【真作保証】近岡 善次郎《乳のみマリア像》ガラス絵 イコン
【作品概要】
作者:近岡 善次郎(ちかおか ぜんじろう、1914年(大正3年)8月10日 - 2007年(平成19年)6月3日)
サイズ:約14×9.5cm
署名:右下「ZEN」
裏書:〈乳のみマリア像 近岡善次郎〉印有
取扱:銀座和光
図録掲載:同書 p.23
状態:全体良好
【付属品】布、特製図録
【付属図録】硝子絵の聖母: 近岡善次郎のイコン 単行本 1986/6/1 *特製版、作家署名入り献本。
近岡 善次郎 (著)
*著者直筆サイン。特製版。箱入り。ポストカードが付属。
*当該図録の表紙にも本作品が掲載されています。
【解説】
① 作品の同定
本作は『近岡善次郎のイコン──硝子絵の聖母』(平凡社刊)に掲載された作品。
書籍の p.23 に掲載された図版と、線描・構図・背景の天使・色面の分割、そして「ZEN」署名位置まで完全に同一。裏面の貼札にも〈乳のみマリア像 近岡善次郎 印〉とあり、本人制作・本人管理台帳の一作。
② 技法と構成
技法:ガラス裏面からの彩色(逆描画)、金箔背景。
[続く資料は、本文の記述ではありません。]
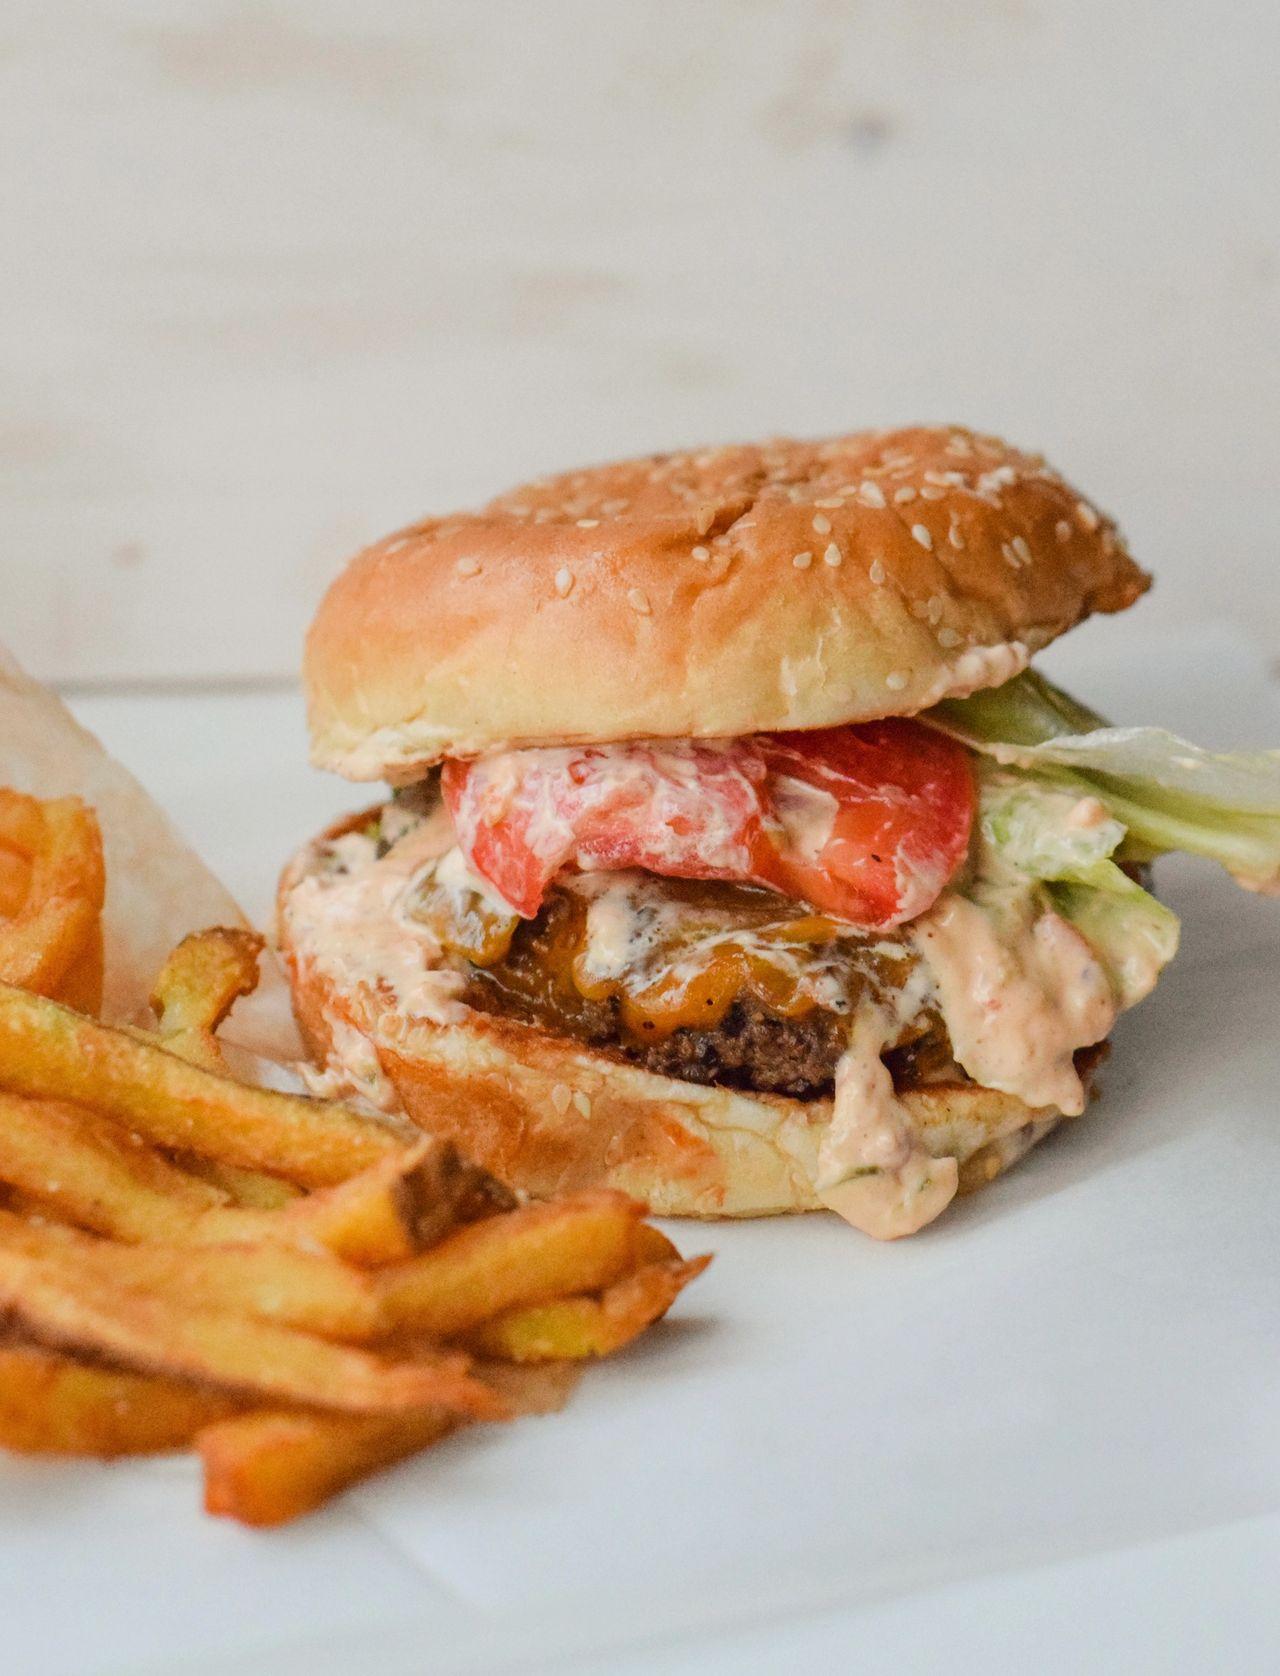 Burger from Farm Burger

近岡独特の重層彩色で、下層に白地を置き、上層に明るい原色を重ねる。
サイズ:14.0×9.5cm
署名:右下に “ZEN” の略号サイン
額装:金箔木製聖堂型枠、赤ビロード仕上げ台座付き。WAKO(銀座和光)特製箱入り。
ガラス絵の表現としては、ルーマニアやロシア正教圏のイコン画を参照しつつも、日本的な清らかさと温かみを兼ね備えている。
マリアの眼差しのやわらかさ、幼子イエスのあどけなさ、金の装飾の節度が、近岡作品の成熟期の特徴を示している。
③ 保存・付属品の完全性
この個体は状態・付属ともに極めて理想的な水準にある。
保存状態:ガラス面の彩色剥落なし。金箔も健全。額縁も変色・退色がほとんどない。
裏書:作家直筆の貼札、落款付き。
収納箱:銀座WAKO印入り専用箱。作品保護布付き。
資料同梱:『硝子絵の聖母』(特製本、作家署名入り献本)付き。
④ 位置づけと美術的評価
「乳のみマリア像」は、キリスト教美術の中でも古くから繰り返し描かれてきた母性と救済の象徴である。
近岡はこの主題を、日本人の感性で再解釈した。母子の距離感、装飾的でありながら冷たくない色面、そして金箔の柔らかな光。
キリスト教徒でなくとも共感を誘う、宗教画を超えた普遍的母子像となっている。
この作品は、近岡ガラス絵の中でも「代表的主題」「代表的様式」「代表的額装」の三拍子が揃うため、コレクション価値が非常に高い。